I did some analysis with access-control lists and found that our
customers have significant overlap in the documents they have access to,
so we would be able to realize very nice compression in the number of
terms in access control queries by indexing overlapping subsets.
However this is a fair amount of effort since it requires analyzing all
the access lists periodically and re-indexing some set of documents when
that changes. We're able to achieve good-enough performance by simply
caching a filter we generate when a session starts - even though the
initial query may be kind of slow, we only run it once and the user is
largely unaffected. Maybe you can play some trick like that?
-Mike
On 10/29/2014 08:20 AM, Pawel Rog wrote:
Hi,
I already tried to transform Queries to filter (TermQuery -> TermFilter)
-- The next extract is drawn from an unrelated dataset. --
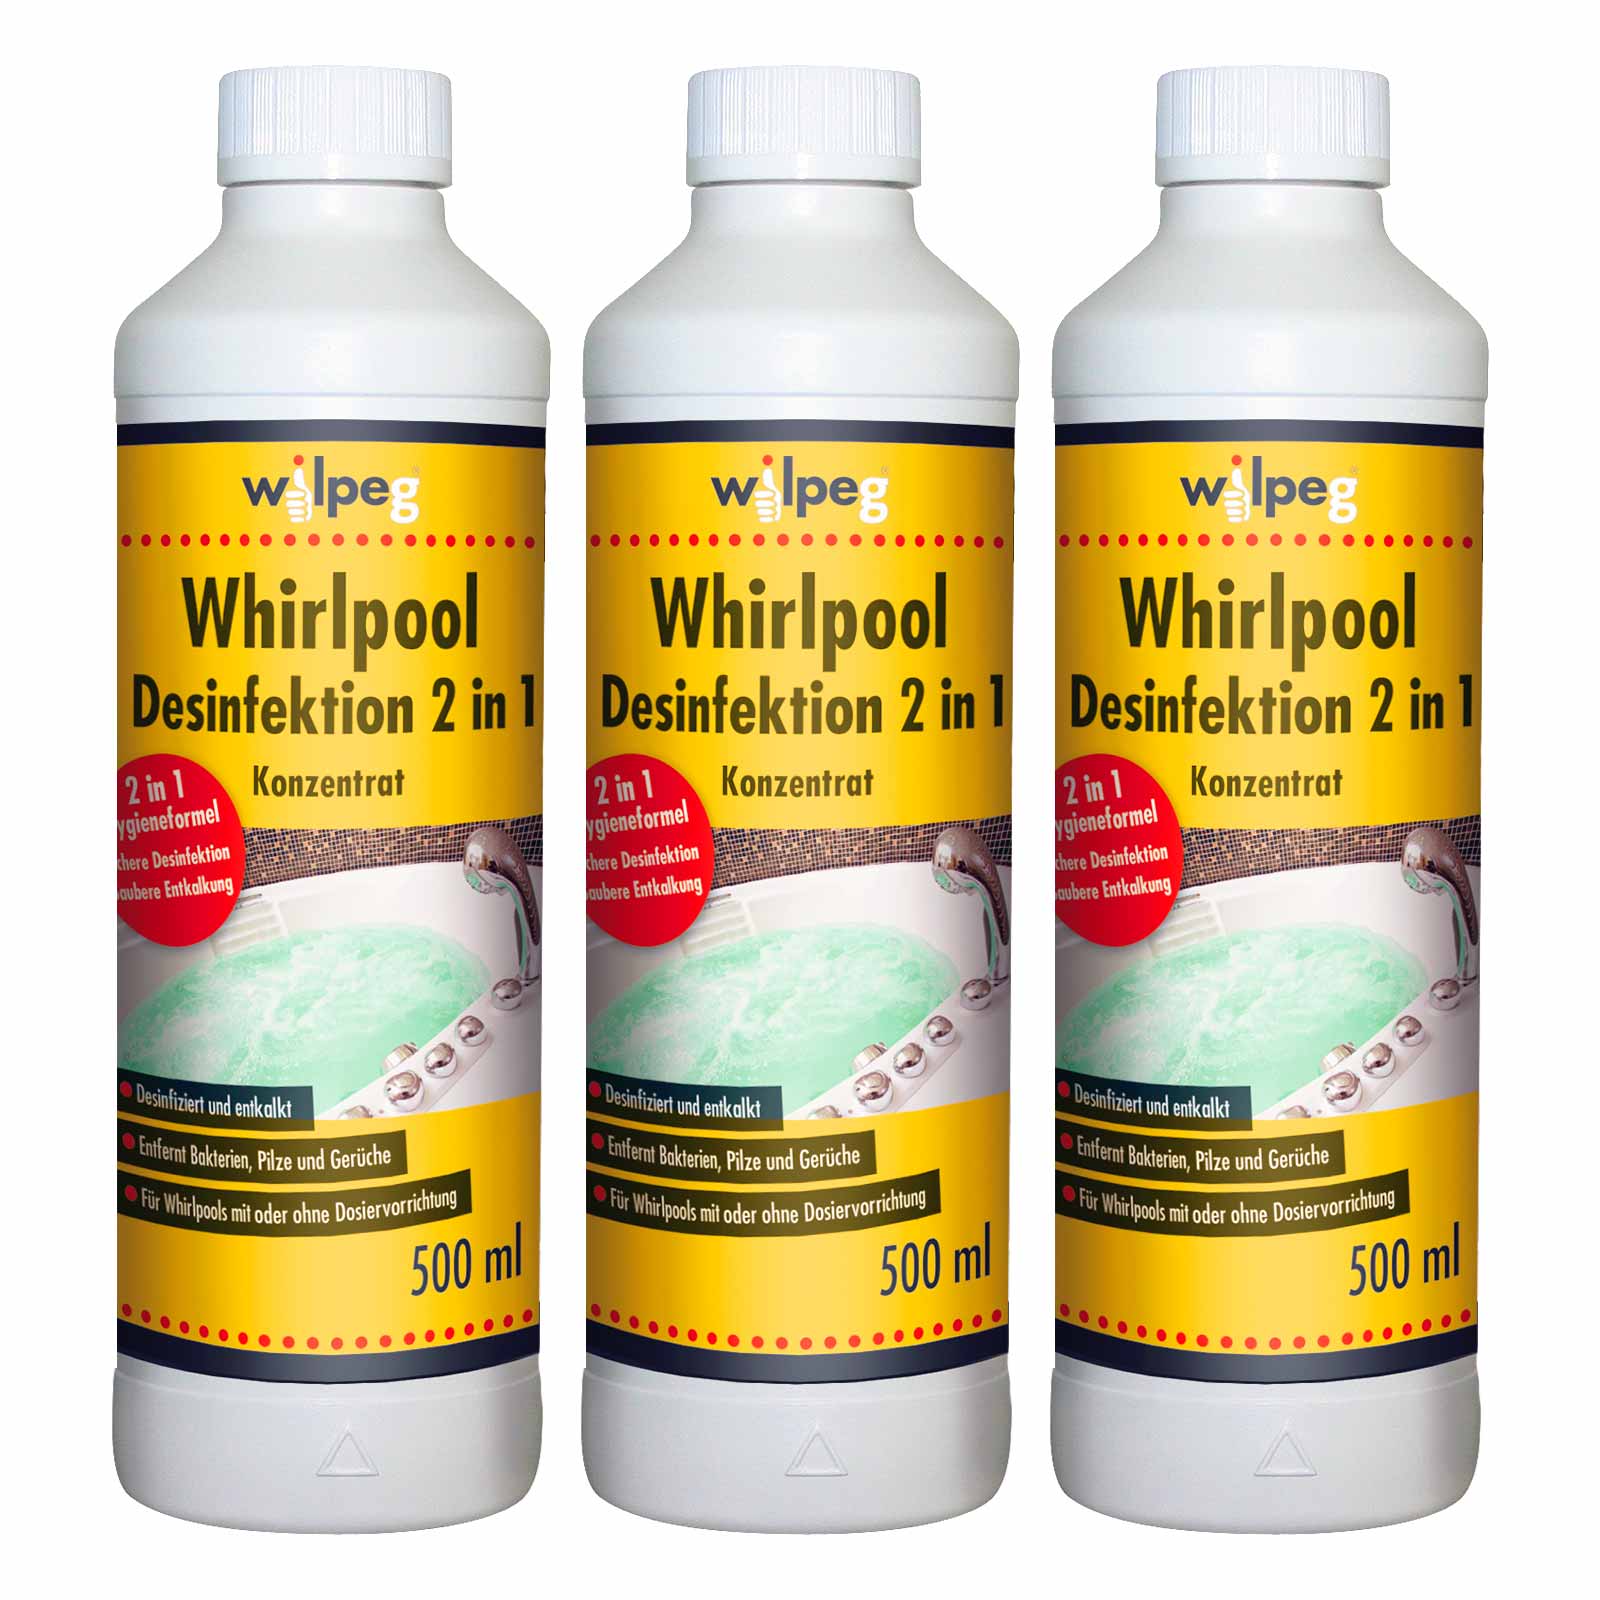 WILPEG Whirlpool Desinfektion x 500ml Konzentrat Kalkreiniger Hygienereiniger Menge:3 von Wilpeg

but didn't see much speed up. I wrote that wrapped this filter into
ConstantScoreQuery and in other test I used FilteredQuery with
MatchAllDocsQuery and BooleanFilter. Both cases seems to work quite similar
in terms of performance to simple BooleanQuery.
But of course I'll also try to use TermsFilter. Maybe it will speedUp
filters.
Michael Sokolov I haven't prepared any statistics about number of
BooleanClauses used and if there are some repeating sets of terms. I think
I have to collect some stats for better understanding what can be improved.
--
Paweł Róg
On Wed, Oct 29, 2014 at 12:30 PM, Michael Sokolov <
msoko...@safaribooksonline.com> wrote:
I'm curious to know more about your use case, because I have an idea for
something that addresses this, but haven't found the opportunity to develop
it yet - maybe somebody else wants to :). The basic idea is to reduce the
number of terms needed to be looked up by collapsing commonly-occurring
collections of terms into synthetic "tiles". If your queries have a lot of
overlap, this could greatly reduce the number of terms in a query rewritten
to use tiles. It's sort of complex, requires indexing support, or a filter
cache, and there's no working implementation as yet, so this is probably
not really going to be helpful for you in the short term, but if you can
share some information I'd love to know:
what kind of things are you searching?
how many terms do your larger queries have?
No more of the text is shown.